No teatrinho do vilarejo havia um pandeirinho pendurado perto da cortina.
Ele tinha fitas vermelhas, pele clara e pequenos discos dourados. Mas quase nunca tocava. Os tambores eram mais fortes. As flautas brilhavam mais. As vozes das crianças já enchiam a sala.
“Sou pequeno demais”, pensava.
Uma noite, o teatro ficou vazio. A cortina violeta se mexia de leve. Uma história esquecida dormia sobre uma cadeira.
O pandeirinho ouviu um sussurro.
“Está me faltando um ritmo.”
Era a história.
“Eu só sei tocar baixinho”, respondeu o pandeirinho.
“Então toque baixinho. Algumas histórias precisam de passos leves.”
O pandeirinho tremeu. Tin. Depois tin tin. O som era pequeno, mas avançava como um vaga-lume. A história acordou. As sombras na parede viraram personagens. Uma lua de papelão se levantou.
No dia seguinte, as crianças voltaram. O pandeirinho teve coragem de acompanhar a cena, suavemente. Ninguém gritou: “Mais alto!” Pelo contrário, todos escutaram melhor.

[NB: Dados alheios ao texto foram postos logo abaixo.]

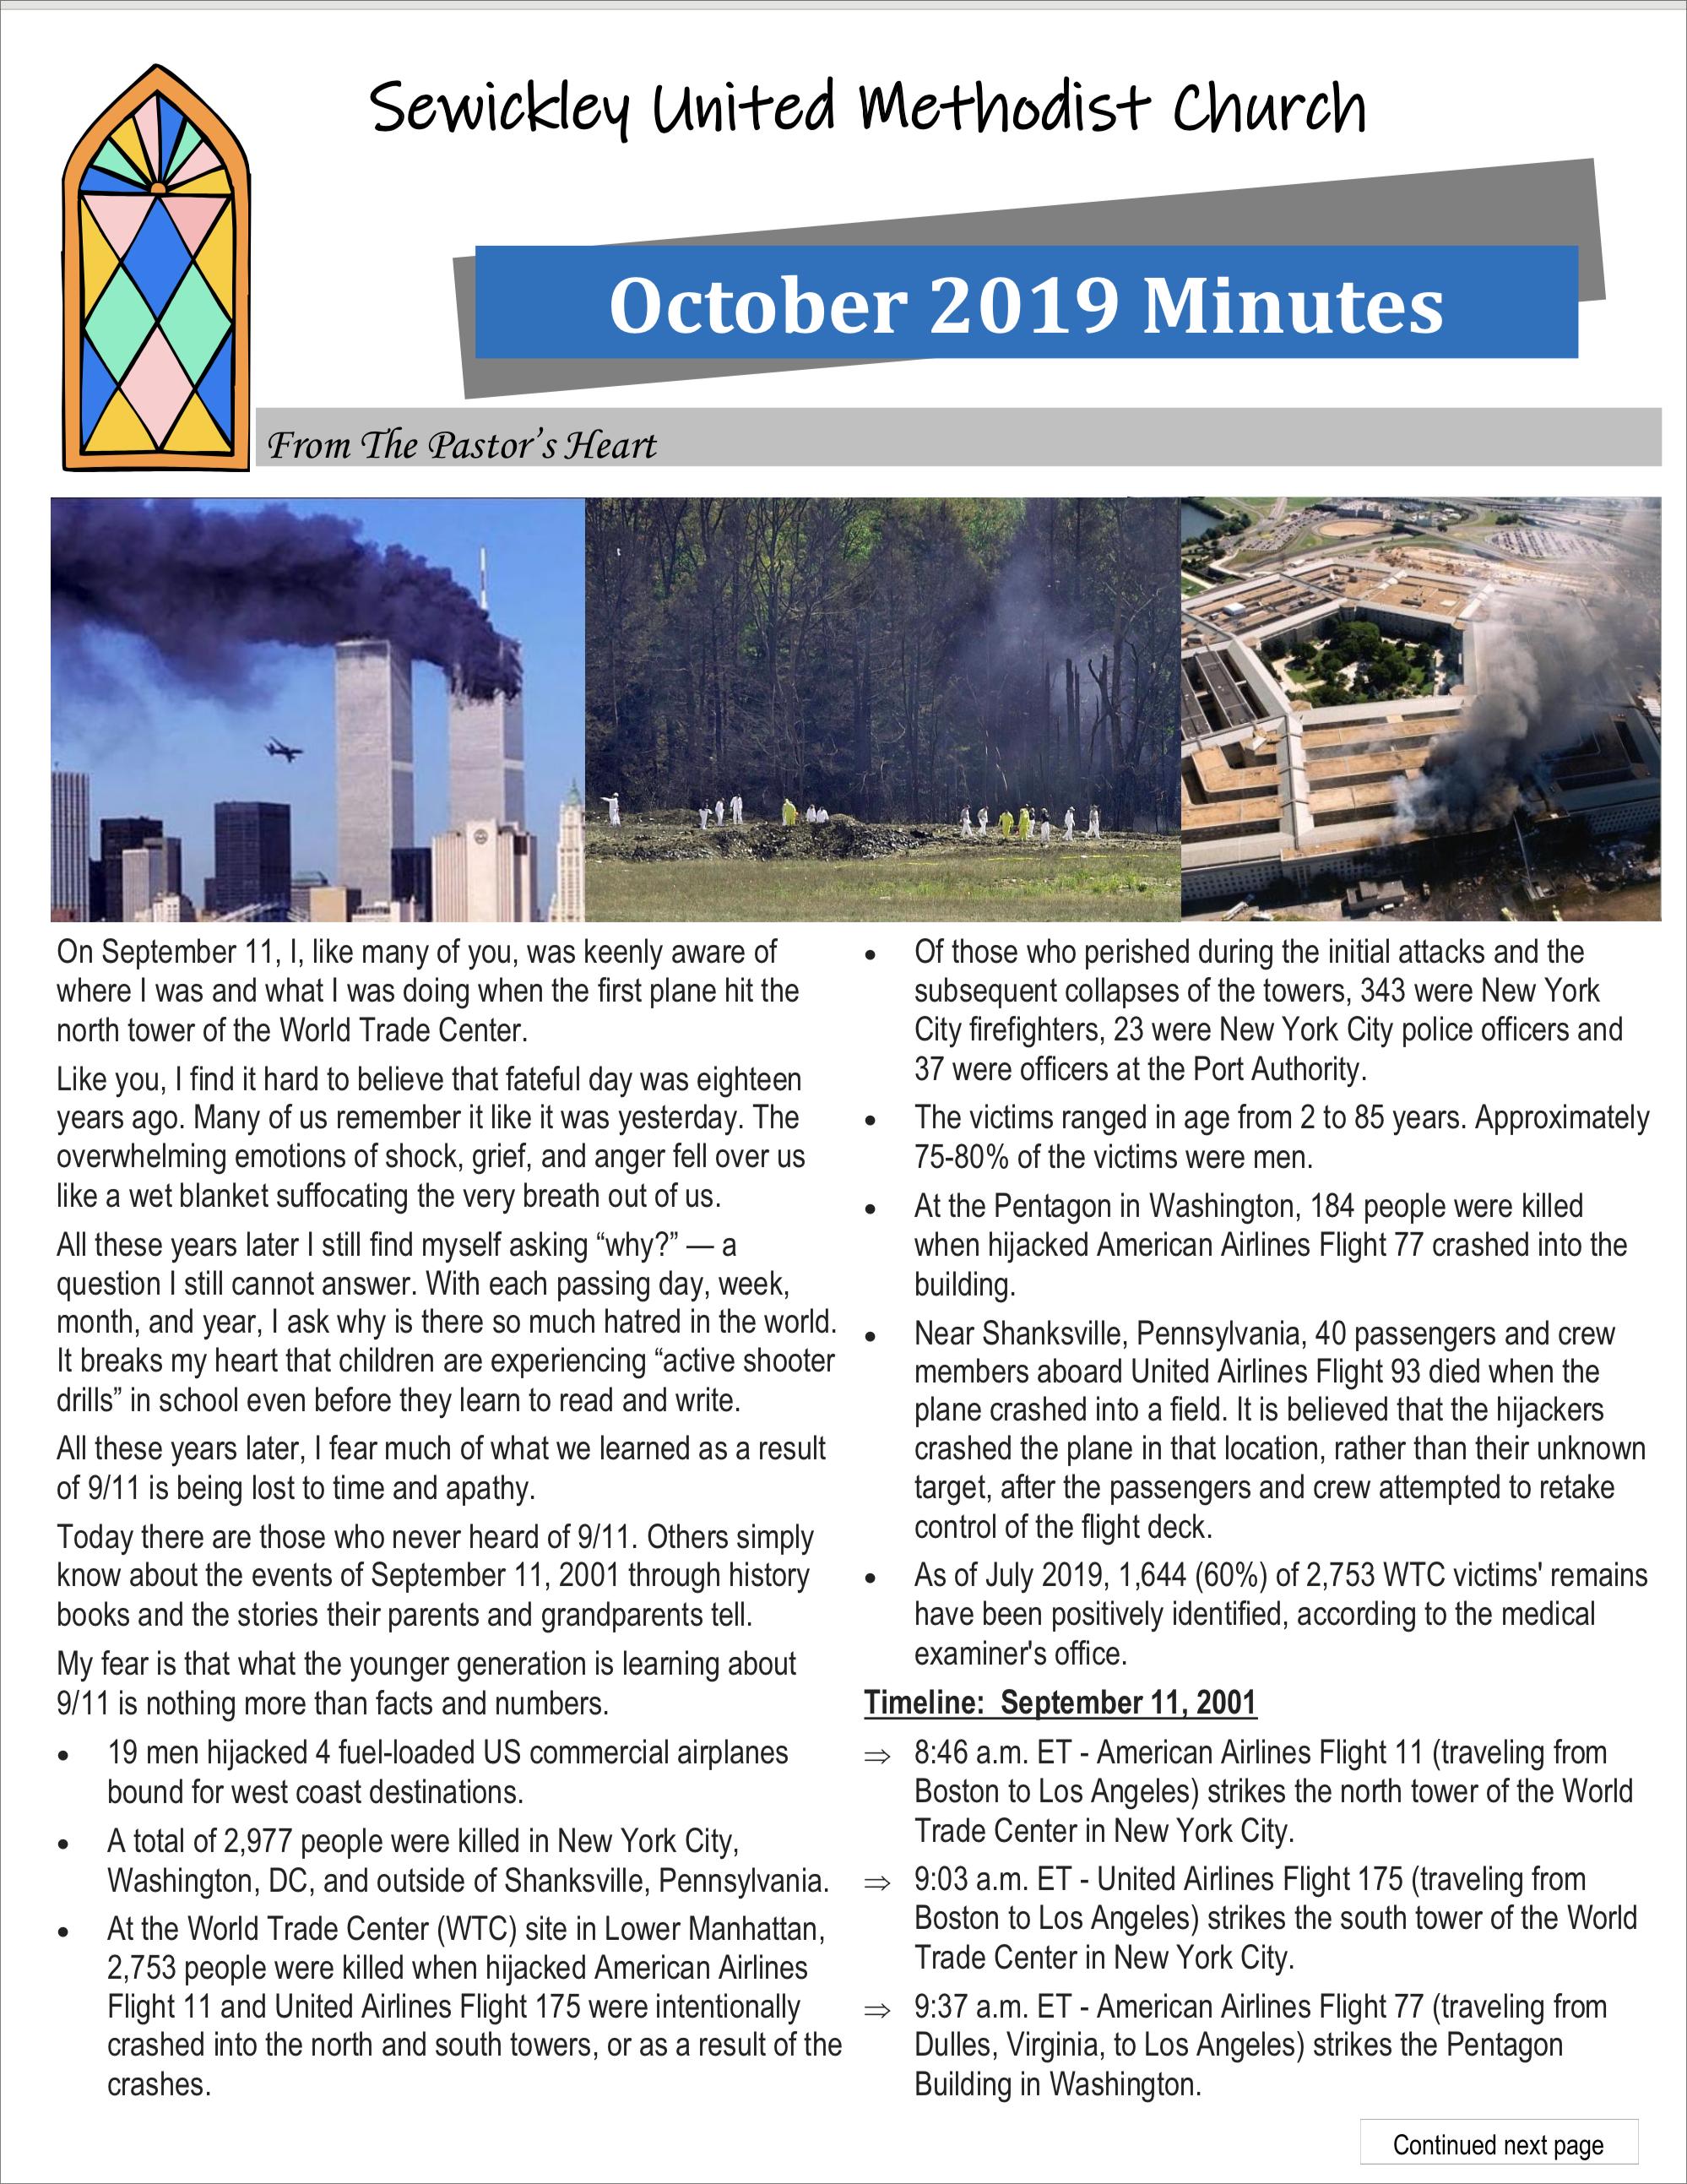 October 2019 Minutes.png
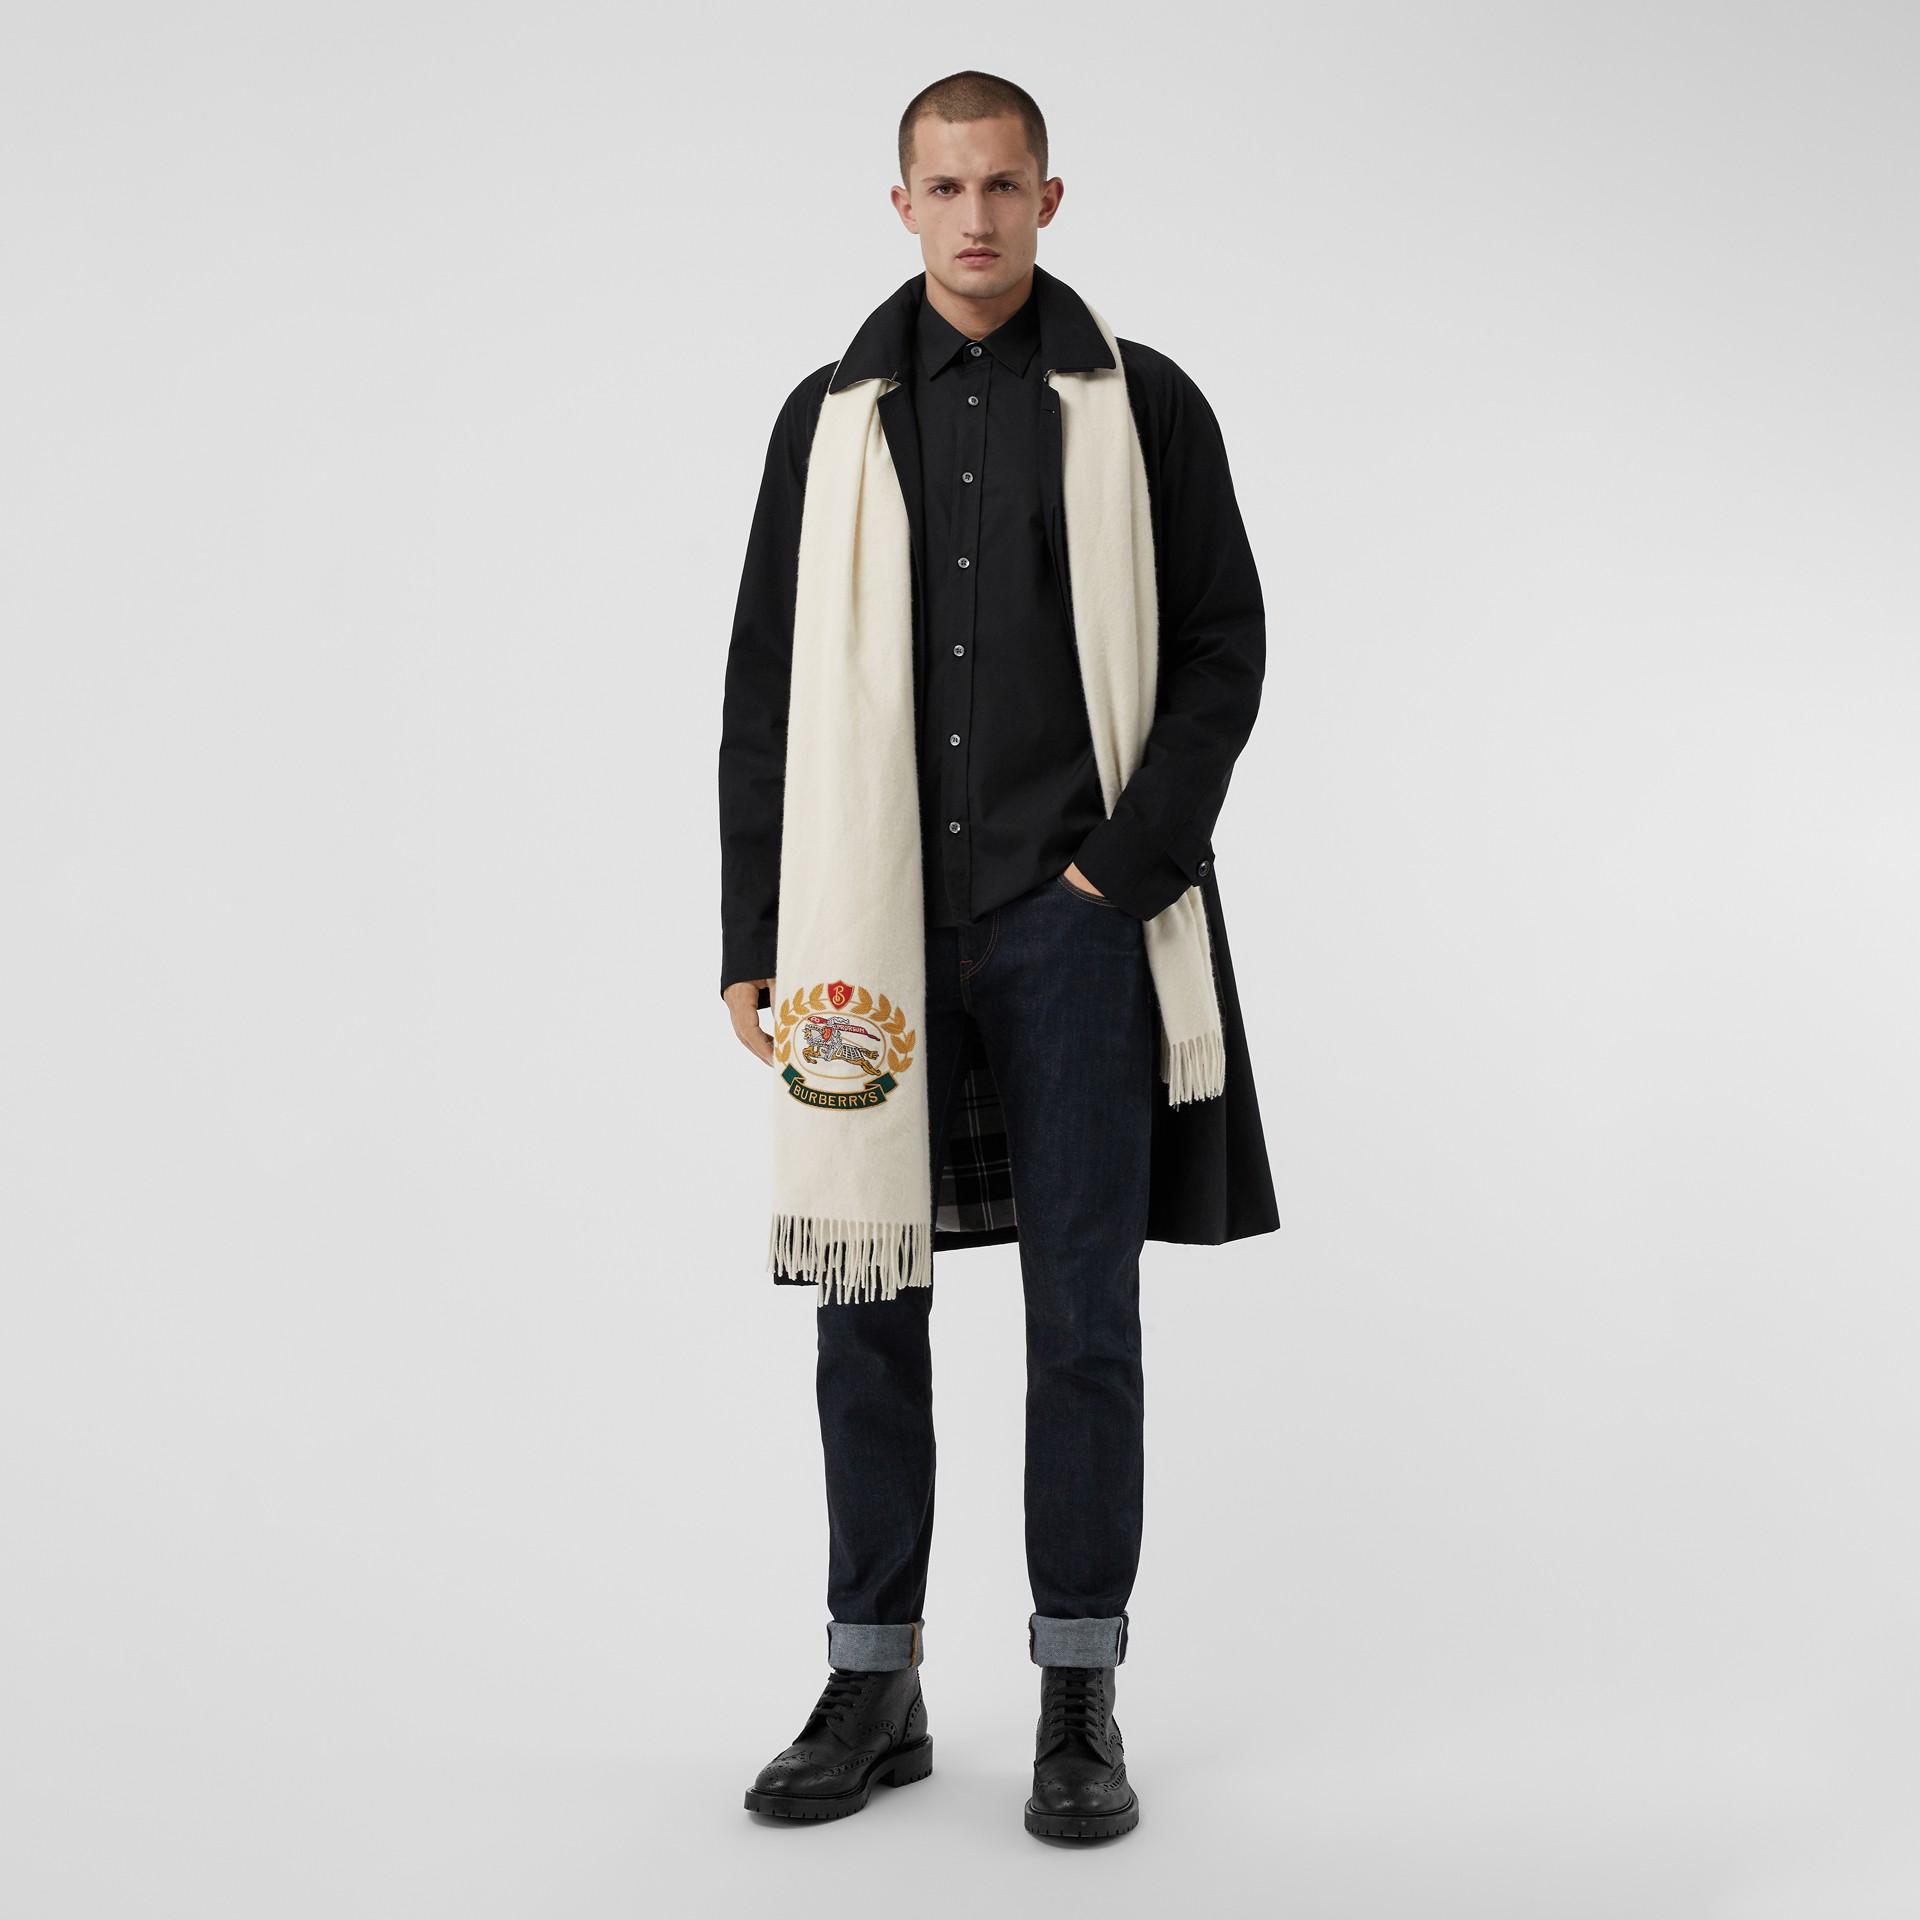 Chemise en popeline de coton extensible avec poignets à motif check (Noir) - Homme | Burberry Canada - photo de la galerie 5

Descobriram que aquele pequeno ritmo segurava a história como um fio invisível.
Desde então, o pandeirinho não quis mais parecer com os grandes instrumentos. Tocava quando era preciso delicadeza: para os passos de um gato, a chegada de uma estrela, o sono de uma criança.
Entendeu que um som não precisa ser forte para ser necessário.